India has drawn a clear line in the sand on the BRICS stage, distancing itself from calls to replace the US dollar in global trade. While some member nations have floated the idea of a joint BRICS currency, New Delhi has firmly stated that de-dollarisation is not part of its financial agenda. Instead, India is sharpening focus on a strategy closer to home, expanding trade in local currencies with partner nations and pushing the rupee onto the world stage.
India’s Stand on De-Dollarisation
The government has reaffirmed that India is not working towards reducing dependence on the dollar in a confrontational sense. Rather than championing an alternative bloc currency, India is promoting practical measures to encourage the use of local currencies in cross-border trade. This approach, officials argue, provides flexibility and respects the economic systems of individual countries, unlike the complexities of a common BRICS currency.
Bilateral Deals over Bloc Currency
While Brazil has publicly suggested the idea of a single BRICS trade currency, India has taken a different route. New Delhi has already signed agreements with countries such as the United Arab Emirates and the Maldives to enable trade settlements directly in rupees. The Reserve Bank of India is also steadily creating a framework for the rupee’s internationalisation, opening new avenues for its use in global markets.
RBI Circular on Rupee Trade
In a significant move, the RBI recently allowed 100 percent settlement of international trade in rupees through Vostro accounts.

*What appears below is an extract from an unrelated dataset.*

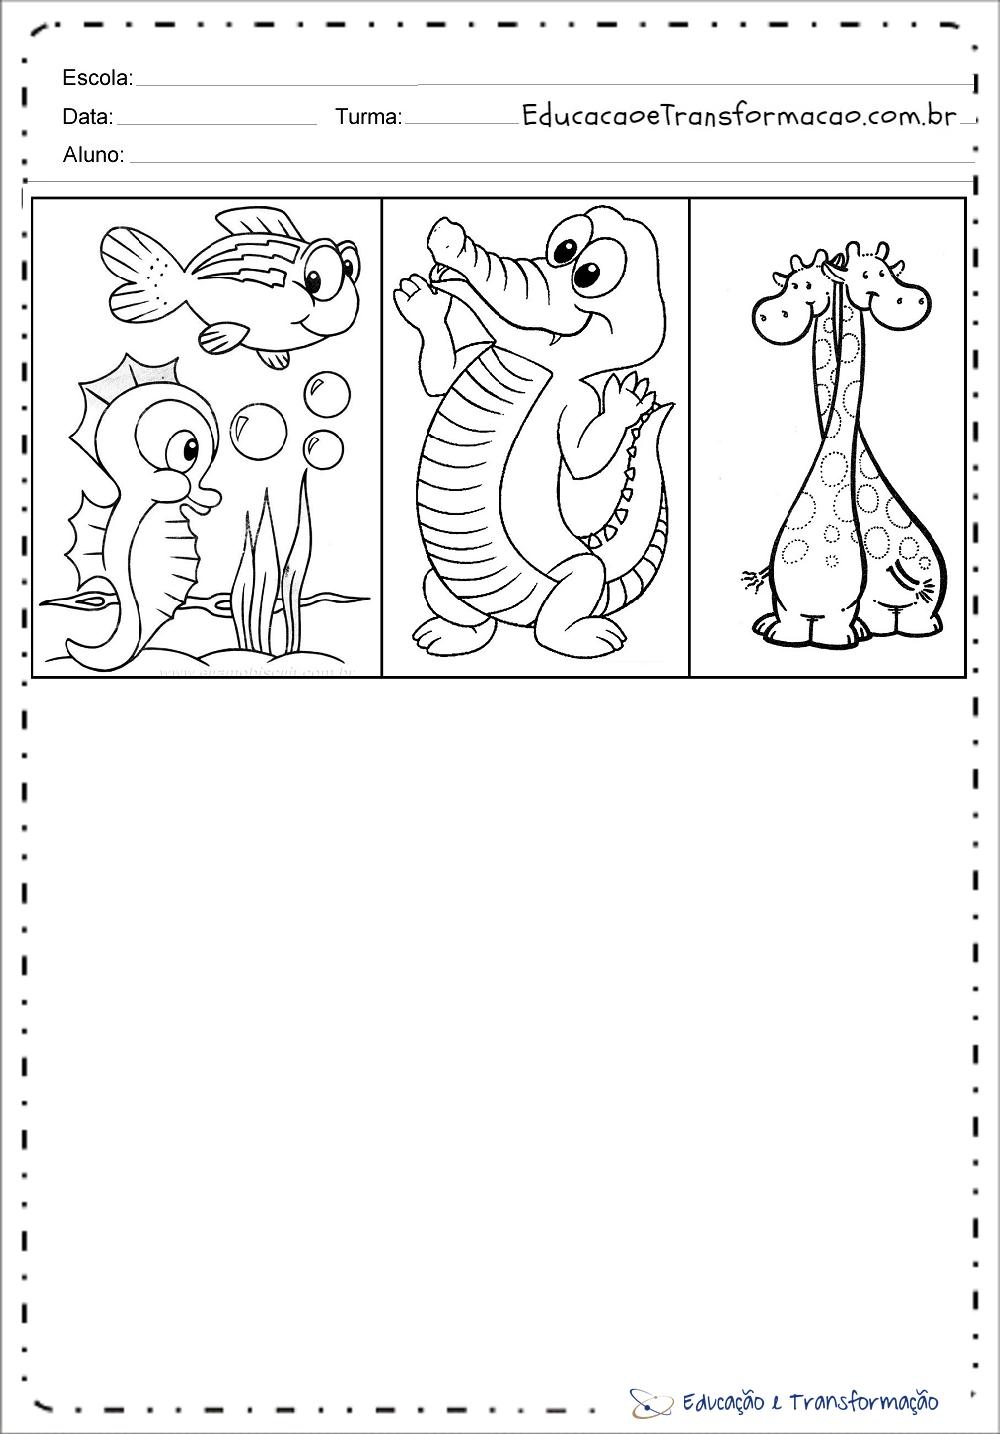 Peixe Jacare E Girafas Para Colorir Educacao E Transformacao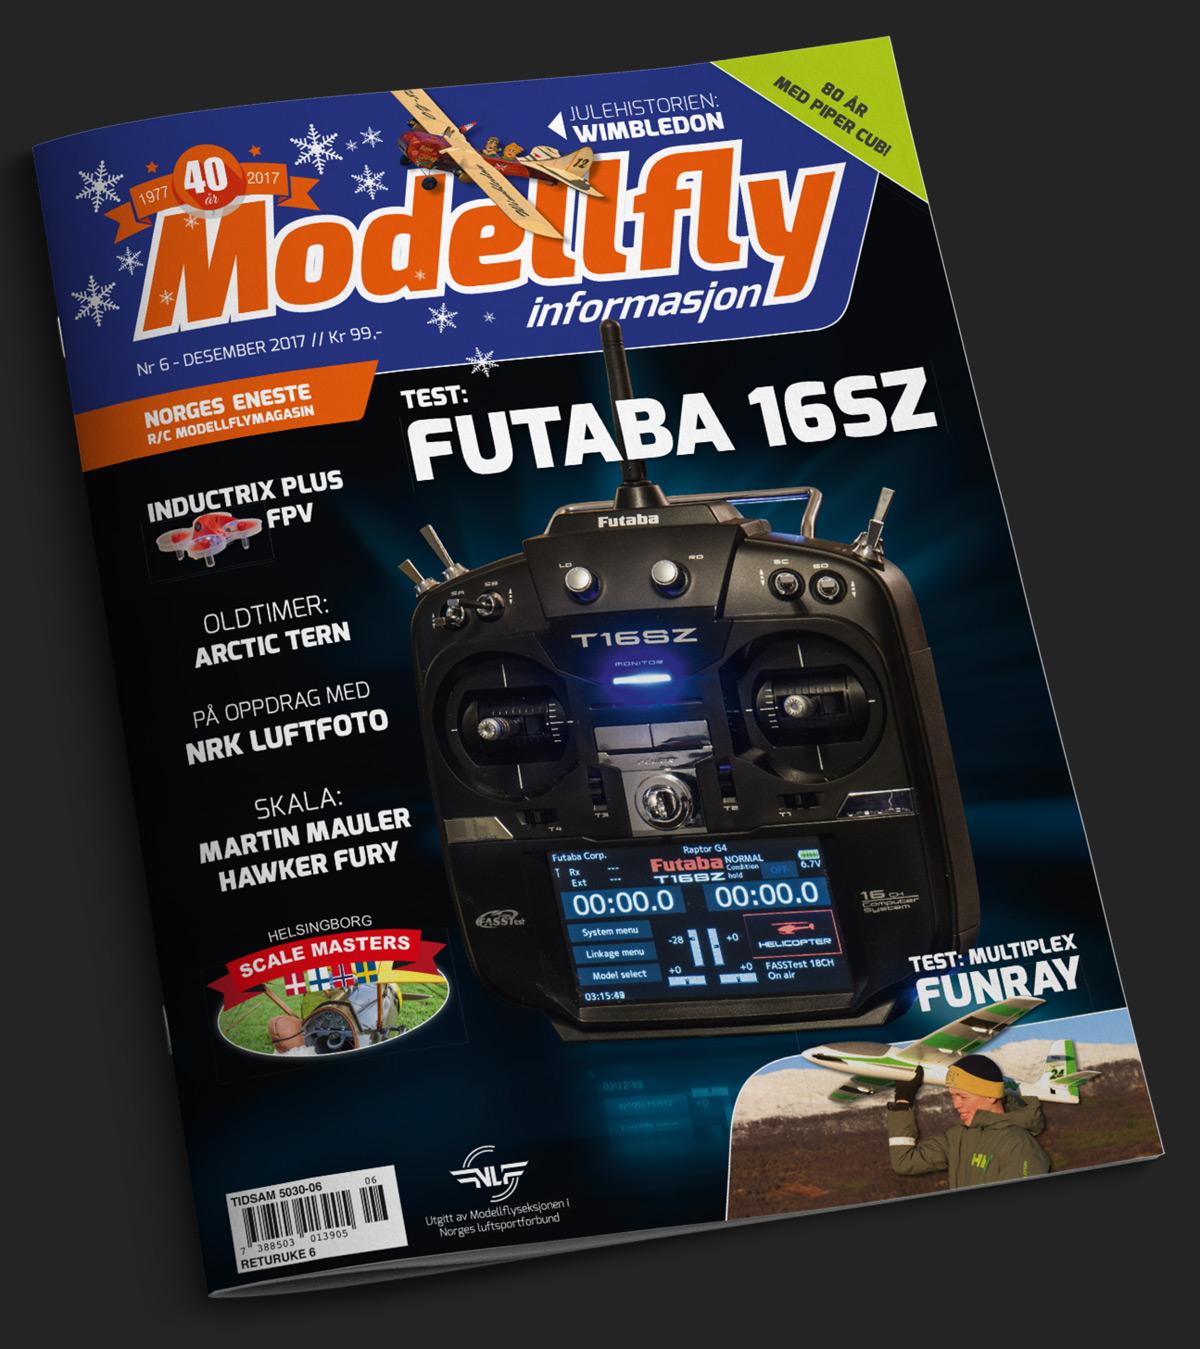 produktfoto modellfly informasjon laget av Kudos media

Earlier, such accounts required prior approval, but the new policy simplifies the process and makes it easier for trading partners to accept rupee payments. This step signals India’s ambition to offer the rupee as a reliable settlement currency in a multipolar trading system.
Strategy of Flexibility
India’s push is not about dismantling the dollar’s dominance but about diversifying options for global trade. By encouraging local currency settlements, New Delhi is helping reduce reliance on third-party currencies like the dollar or the euro in regional trade. The idea is to give businesses and partner countries more flexibility while also expanding the rupee’s global presence.
Why It Matters
The debate over de-dollarisation is gaining attention as geopolitical shifts and sanctions expose vulnerabilities in dollar-denominated trade. Yet India’s approach stands out as cautious and pragmatic. Rather than rushing into experiments like a BRICS currency, India is quietly laying the groundwork for the rupee to gain international credibility.
Looking Ahead
For India, the road forward is clear. De-dollarisation may be an appealing slogan for some nations, but India is more interested in building trust around its own currency. By gradually expanding rupee-denominated trade, the country is working towards a larger ambition: making the rupee a reference point in international commerce without disrupting the existing global order.